It also happen on the Plan 9 builder, but it's much less frequent than before the semasleep fix (CL 86210043).

--
David du Colombier

Russ Cox

unread,

Apr 10, 2014, 1:28:11 PM4/10/14

to Aram Hăvărneanu, David du Colombier, Gobot Gobot, Dmitry Vyukov, Dave Cheney, Brad Fitzpatrick, golang-co...@googlegroups.com, re...@codereview-hr.appspotmail.com

On Thu, Apr 10, 2014 at 6:05 AM, Aram Hăvărneanu <ara...@mgk.ro> wrote:

Hmm, although I can't reproduce the failure, I do see some interesting
performance degradation for TestStackGrowth with cpu >= 2.

This looks like what was happening on the Plan 9 builder.
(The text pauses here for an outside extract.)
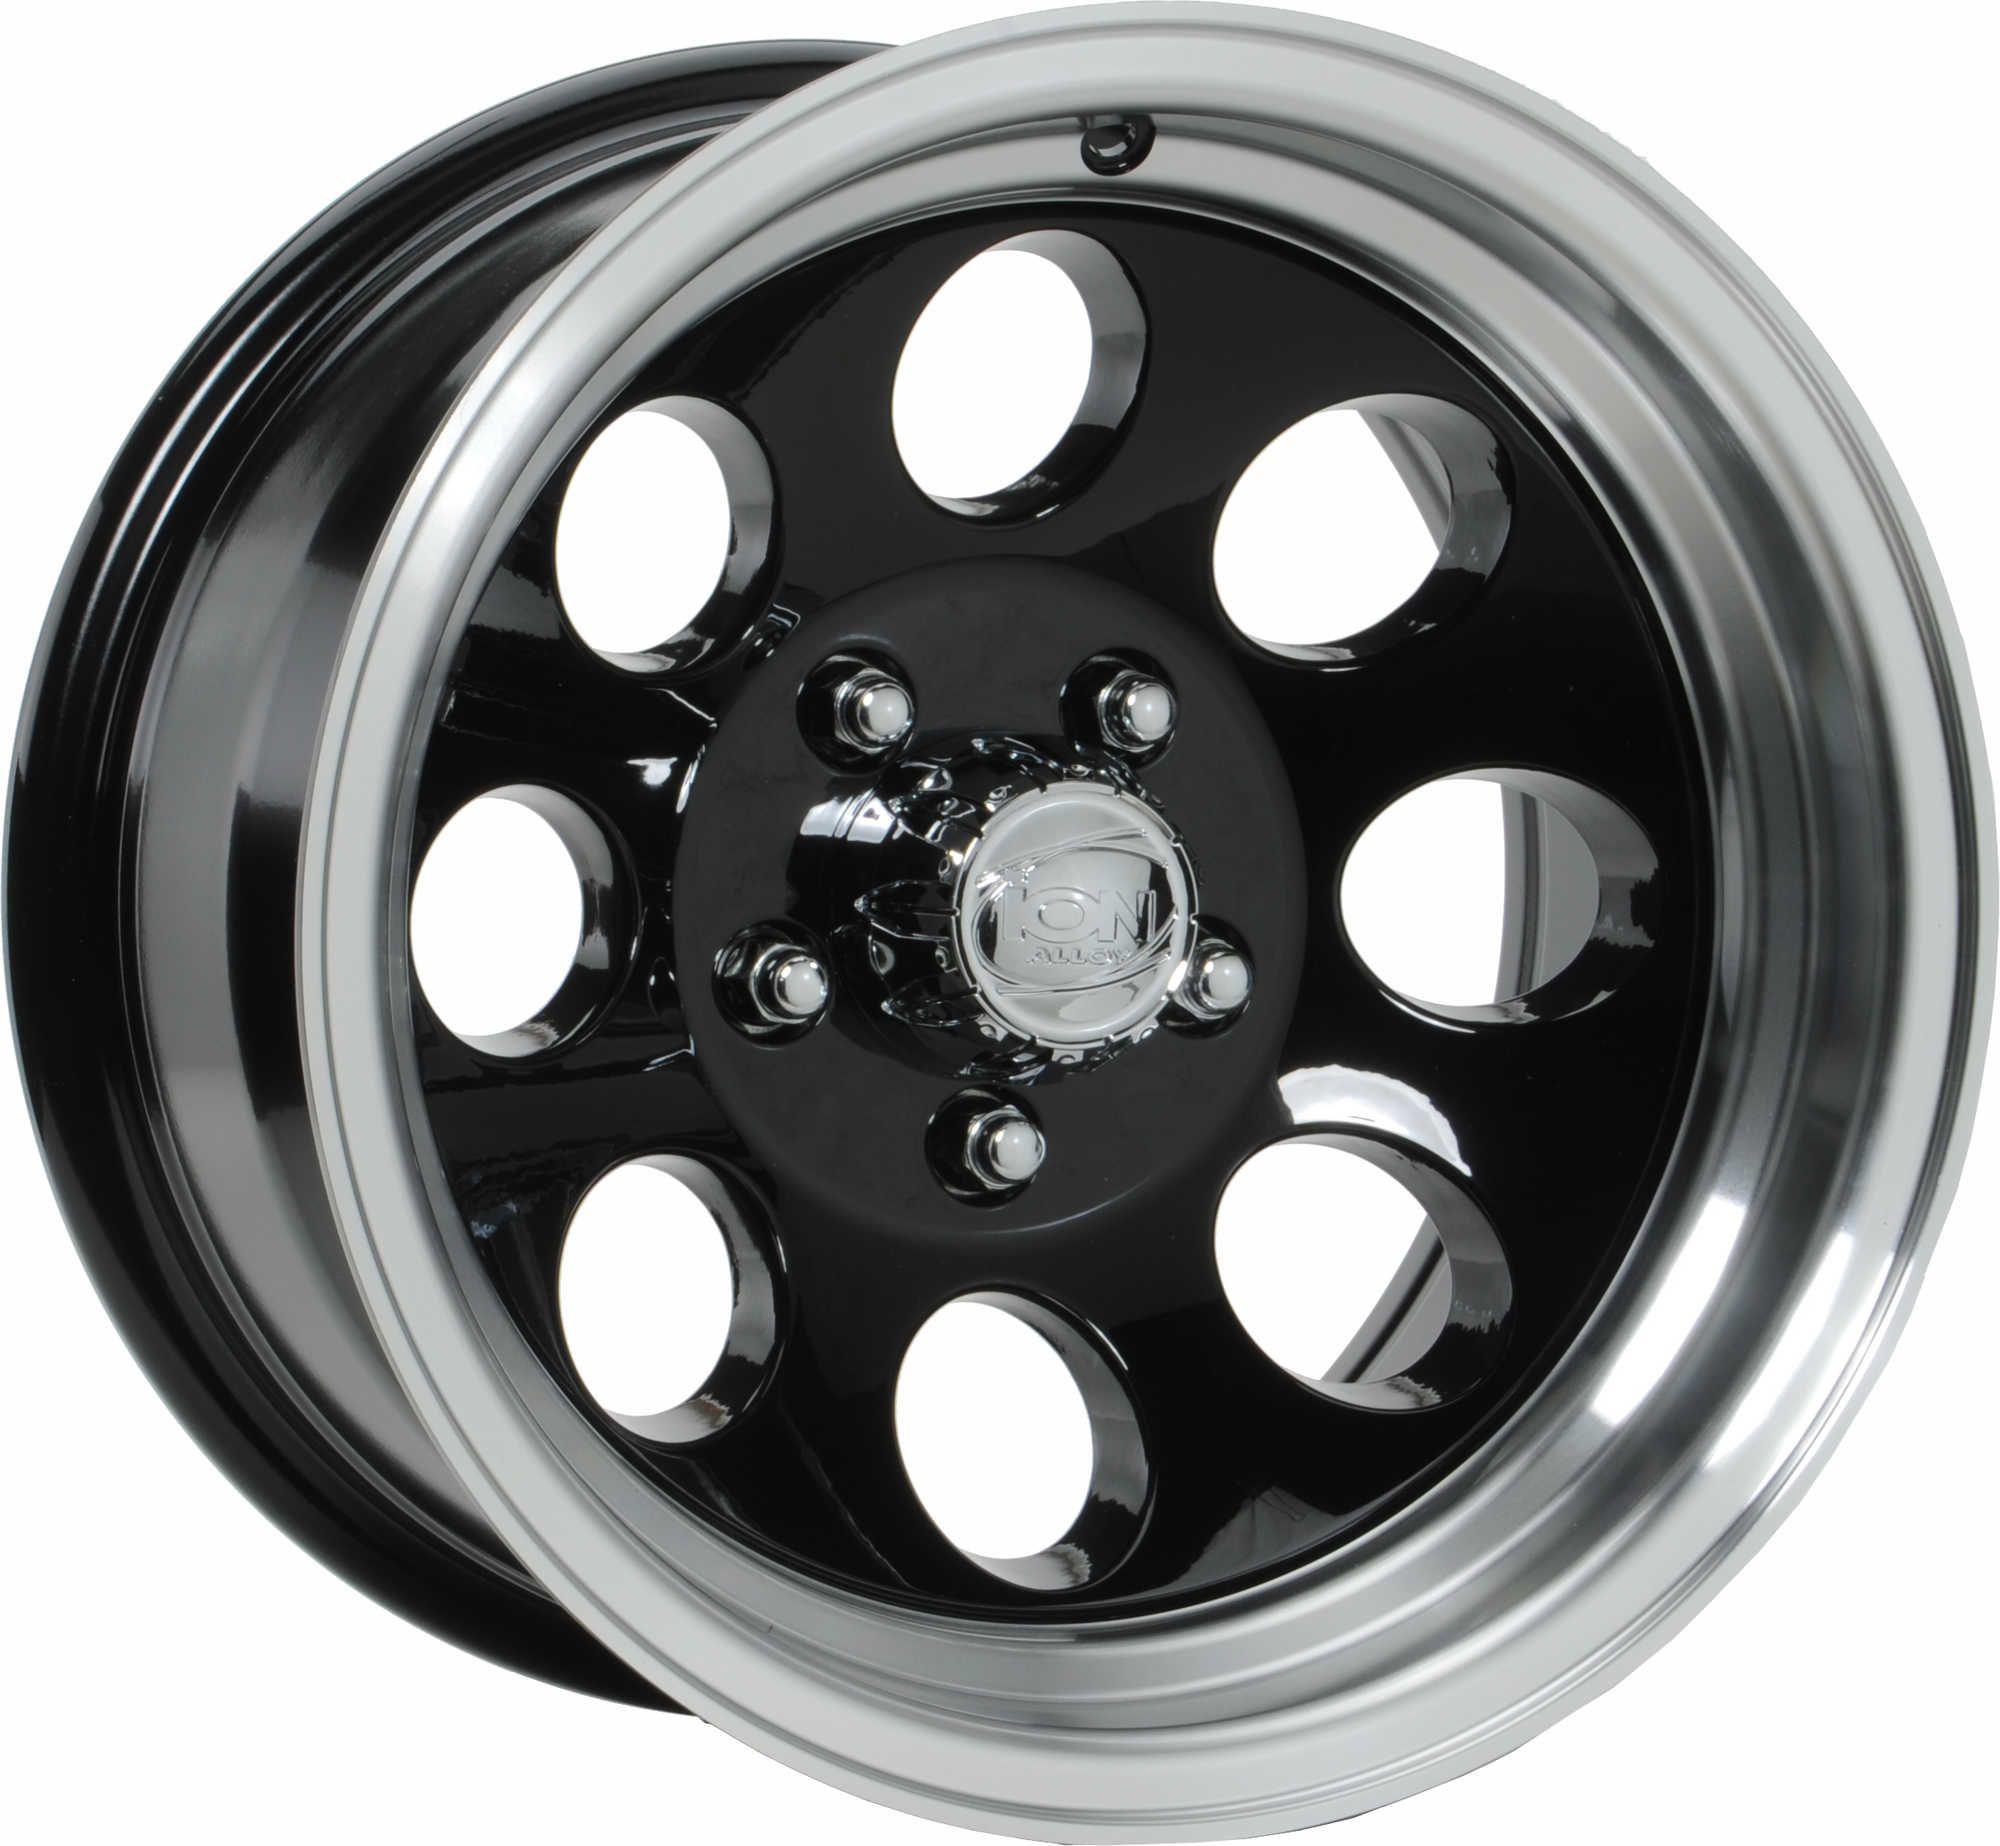 iON Alloy Wheels brilliant design team are creating the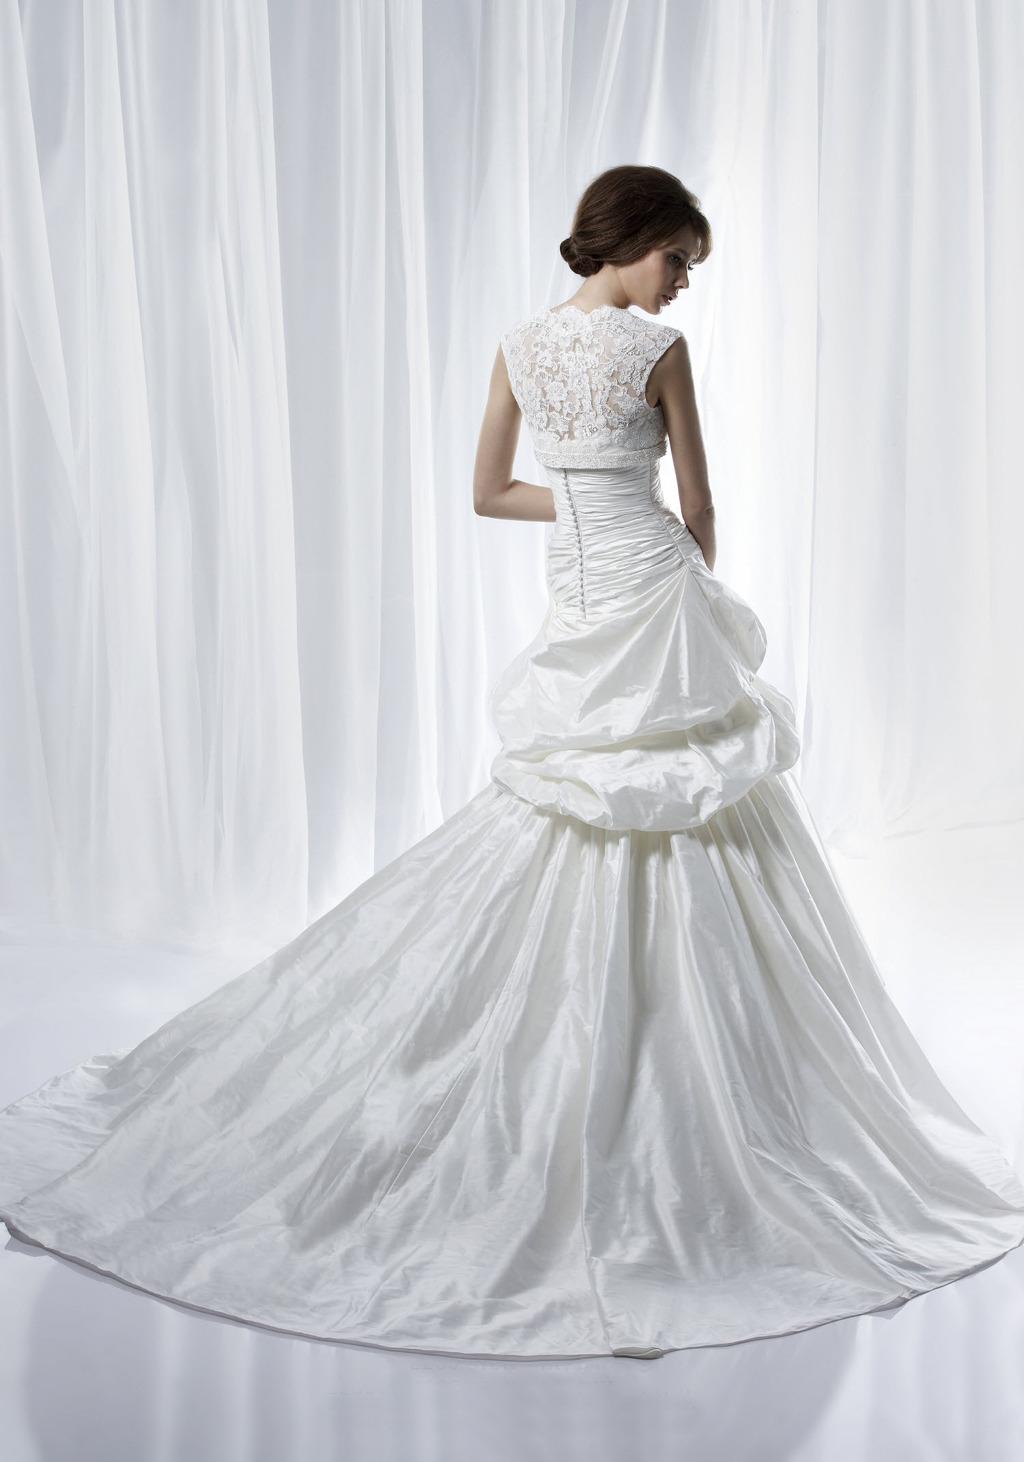 Romantic-wedding-dresses-2012-bridal-gown-lace-bolero-cap-sleeves-c112c.full

There, the problem was that stoptheworld called notetsleep called semasleep to sleep for 100us, but in the tsemacquire system call that rounded down to 0ms, so it was hard-spinning on the cpu instead of sleeping and therefore rescheduling. The fix was to round up so that some real sleeping (and therefore rescheduling) always happens in that situation. GOMAXPROCS>1 would exacerbate this.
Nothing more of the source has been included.